9) Now run the project and use the following navigator link to see your new REST Web API method in action as follows

In the excerpt above, you will notice that since now our Web REST API has been allowed, therefore, we cannot directly run the Web REST API URL in the browser.

10) Allows testing of Web REST API on Web REST API client.
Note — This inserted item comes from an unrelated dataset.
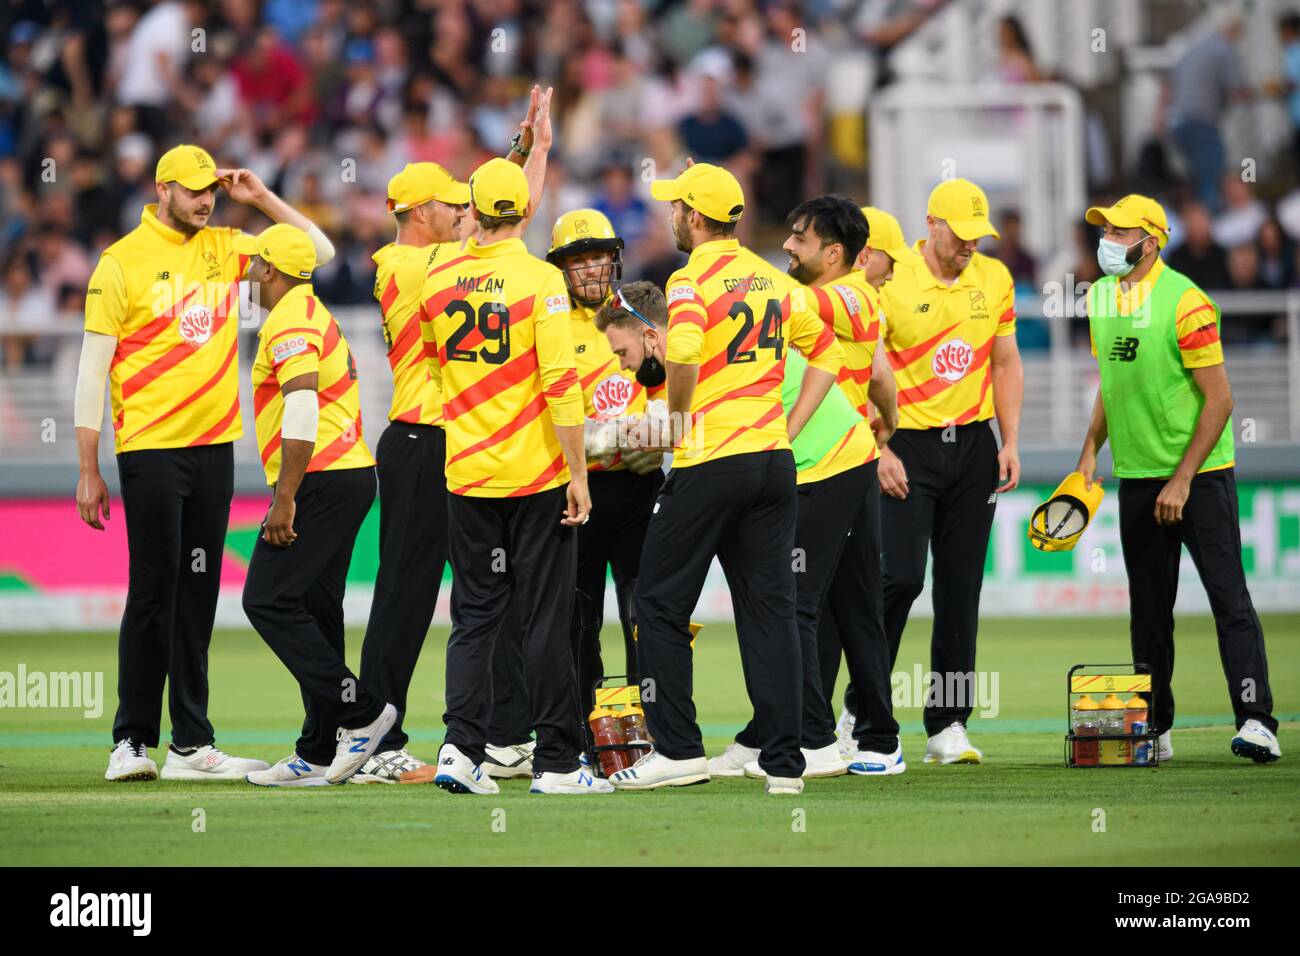 LONDON, UNITED KINGDOM. 29th Jul, 2021.  during The Hundred between London Spirit vs Trent Rockets at Lord's on Thursday, July 29, 2021 in LONDON ENGLAND.  Credit: Taka G Wu/Alamy Live News Stock Photo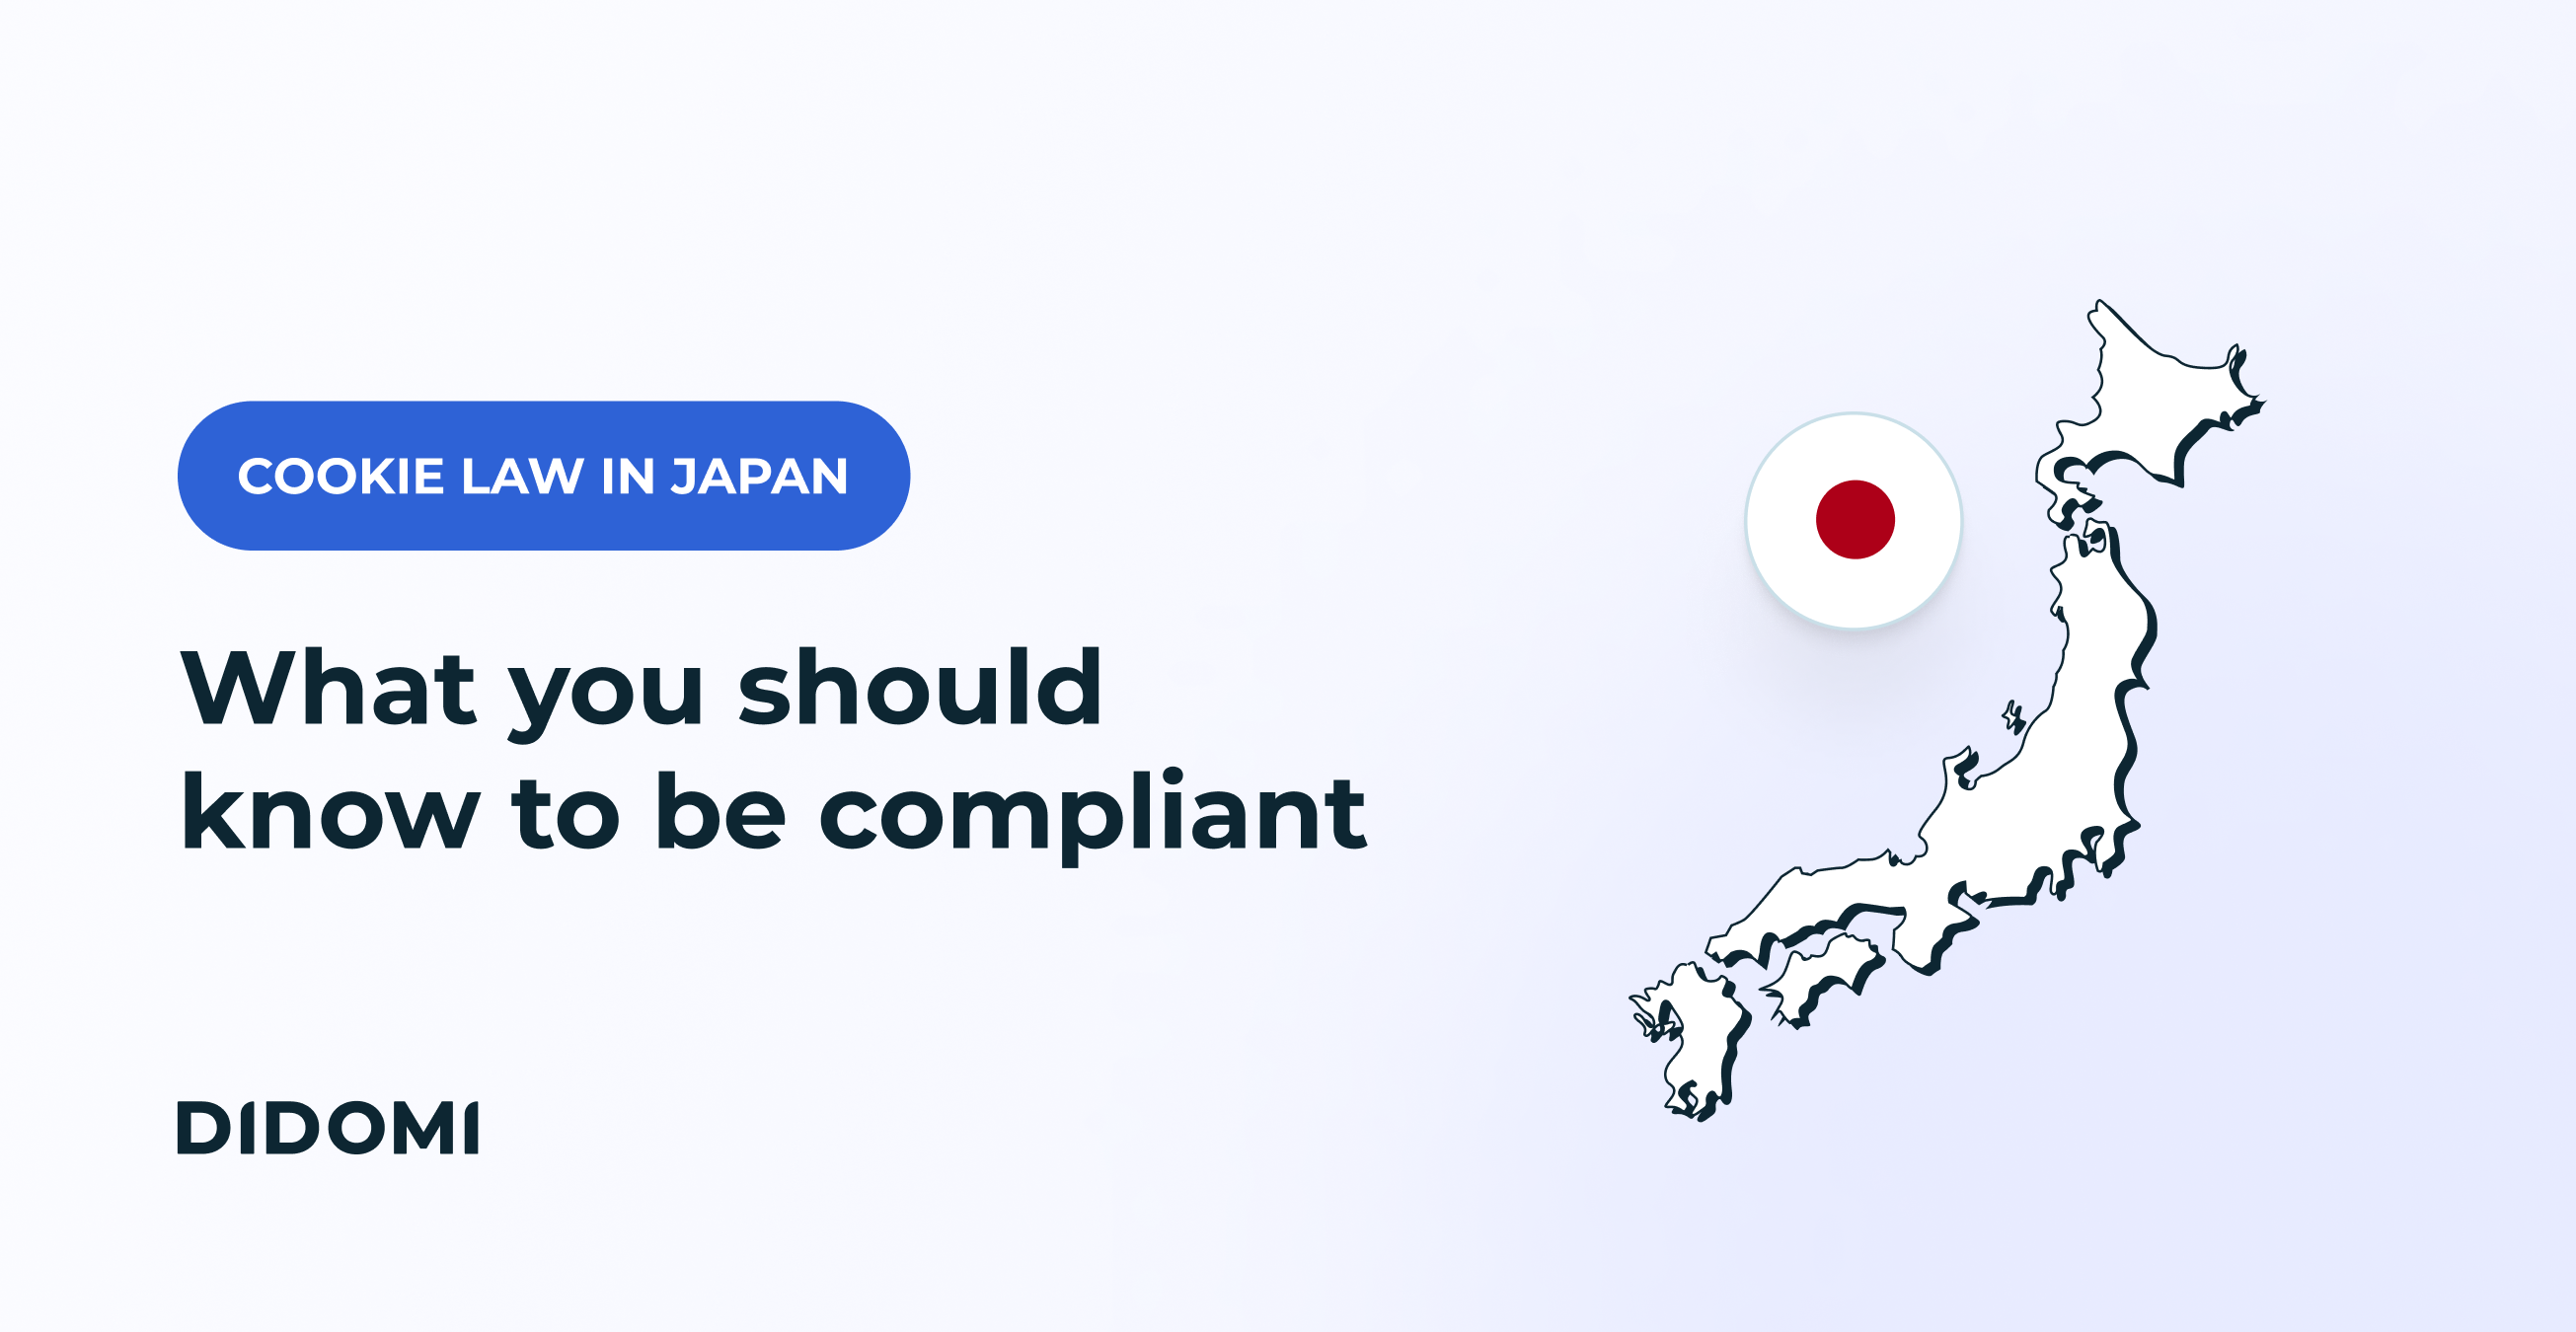 data privacy laws in japan - Everything you should know to be compliant with the APPI

I use the Firefox plugin e.g. "RESTED". A, first of all, I'm just trying to hit the Web REST API with no authorization details.

11) Now I will provide authorization to the user of the system to obtain an access token and then use this access token as a header within the REST Web API and try its Web REST API.

Notice in the excerpts above that the access token is provided as the "Authorization" header with the "Bearer access_token" schema in order to call the Web REST API. Also note the path when the chip is generated, ie "{your__site_url}/Token".

Conclusion

In this blog, we have gone through the integration of OAuth 2.0 authorization schema with ASP.NET MVC REST Web API. We have also learned the short comparison between the basic user/password authorization and the basic OAuth 2.0 token authorization.

Author Bio

Author

Author Name: Hiren Shekhda

Hiren Shekhda is an adroit Asp.Net MVC developer with great exposure to the subject. He shares extremely fabulous insights over different platforms to help learners. Besides, he invests considerable time to learn new things.